Analysis of excess deaths during first-wave

CRS data, across 12 states which account for over 70% of India's deaths, indicates that India did not witness above-trend deaths during covid first-wave

Enterprising journalists have done a commendable job of extracting data out of civil registration systems (CRS) across multiple states. This has shifted discourse from unreliable anecdotes to robust data, furthering our understanding of covid impact. While a larger part of analysis has focused on second-wave, that exercise is constrained by incomplete information. Less attention has been paid to studying how India did during first-wave using the same data.

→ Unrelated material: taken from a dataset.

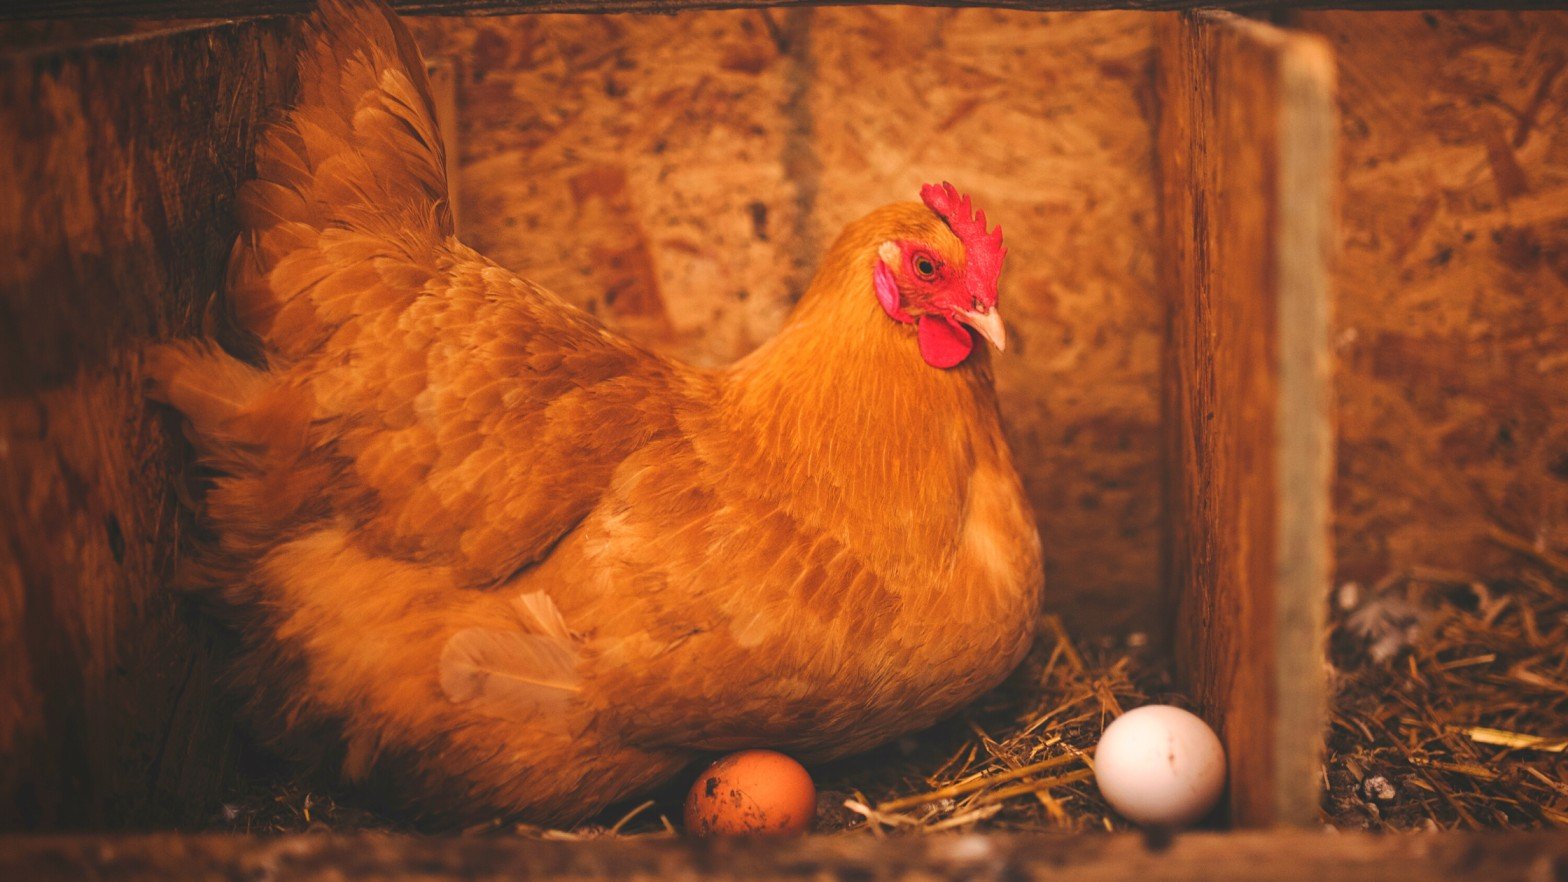 Chicken Egg hatching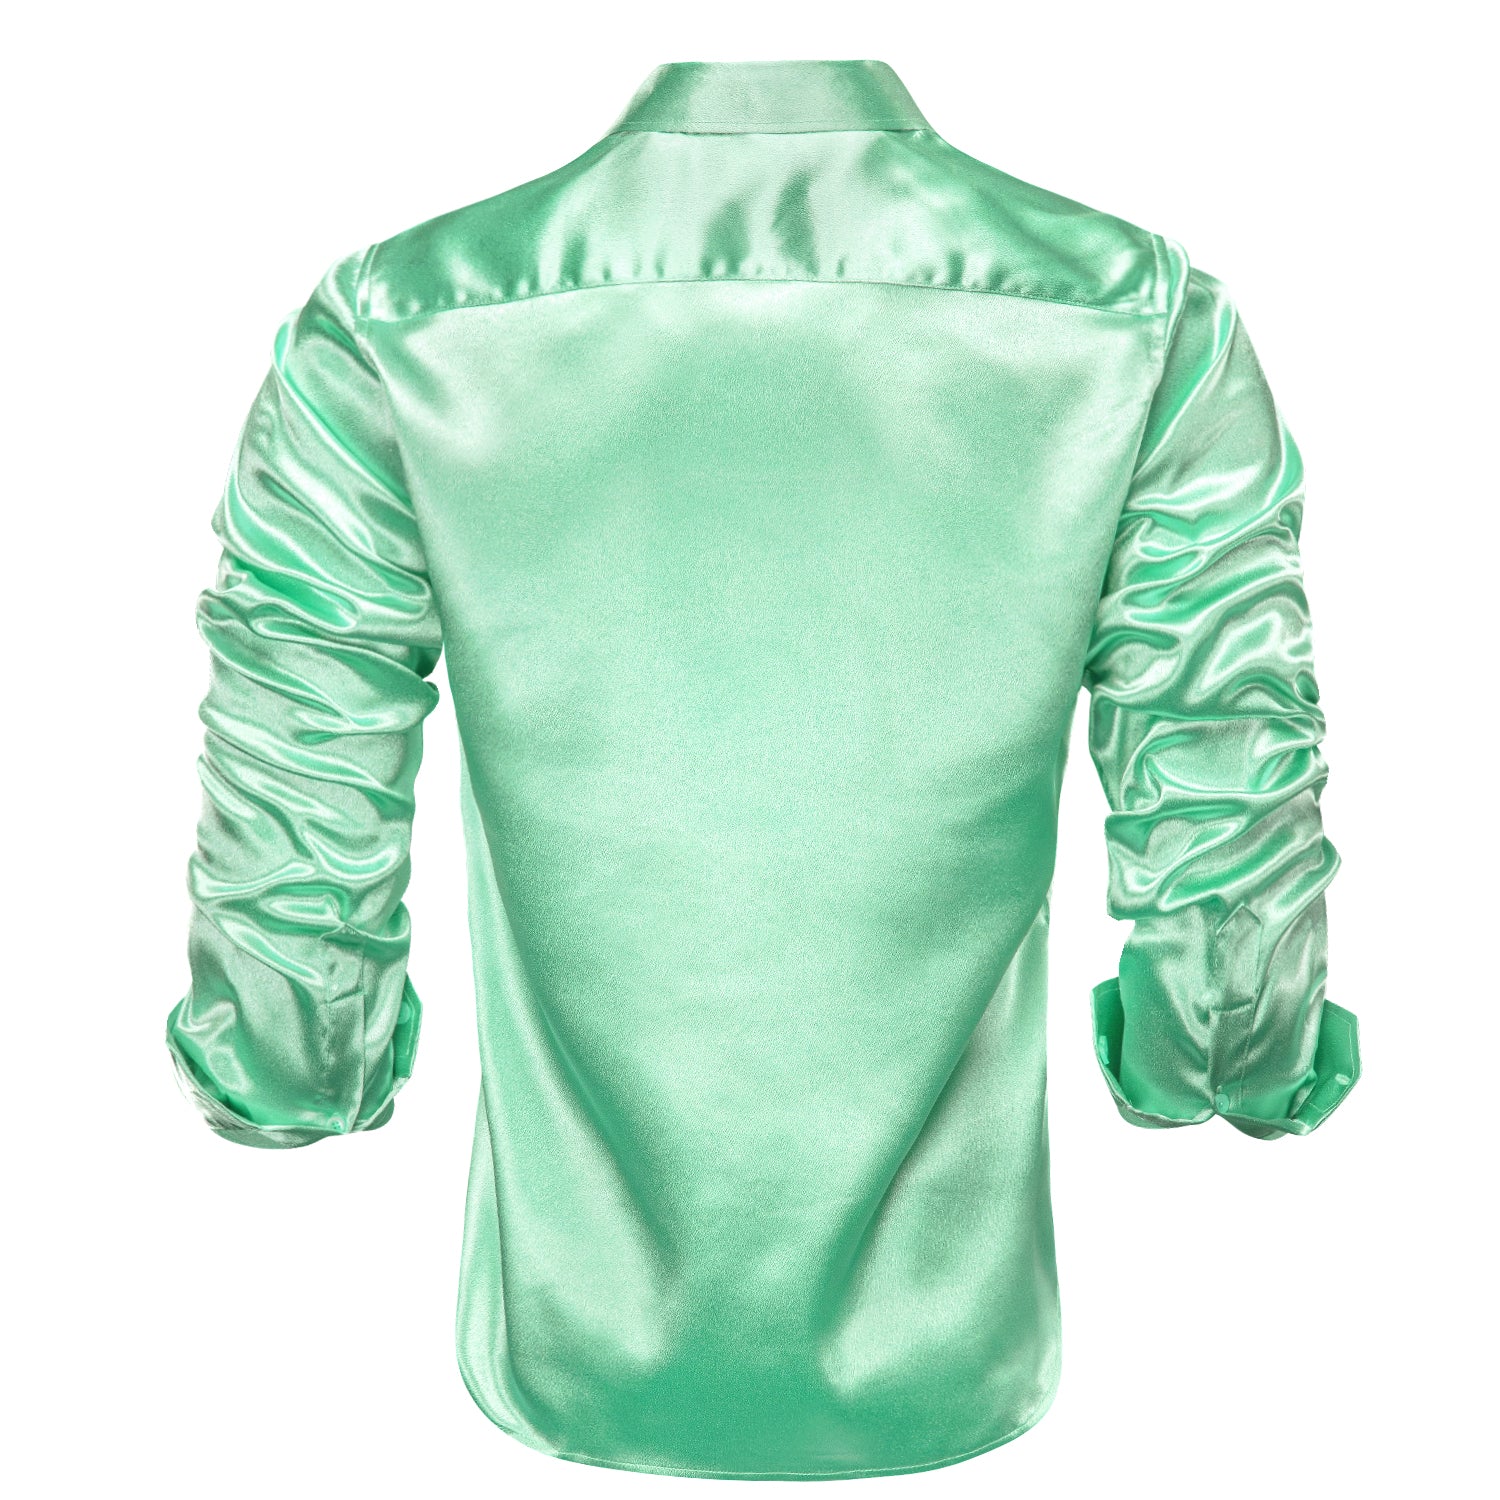 Mint Green Satin Silk Men's Long Sleeve Shirt

This article reviews all publicly available data pertaining to first-wave, to gauge how India’s deaths trended during that phase.

2020 deaths seem in line with trend

For 2020, CRS death-registration data is available for twelve states that cumulatively accounted for 72% of India’s registered deaths in 2019. Following table shows growth in registered-deaths in 2020 compared to historic growth over 2009-19. This allows first-wave to be viewed against long-run trend and variations in trend, to make sound inferences.

Before getting into nuances, what’s the gist? Aggregate registered-death growth of 4% in 2020 across twelve states is in line with 2013-2019 growth rate of 4% a year. If AP is excluded (since it limits historic comparisons to 2013 onward), 2020 growth for remaining eleven states is also in line with 2009-19 trend growth of 3% a year. 2018 and 2019 witnessed higher growth in deaths than 2020.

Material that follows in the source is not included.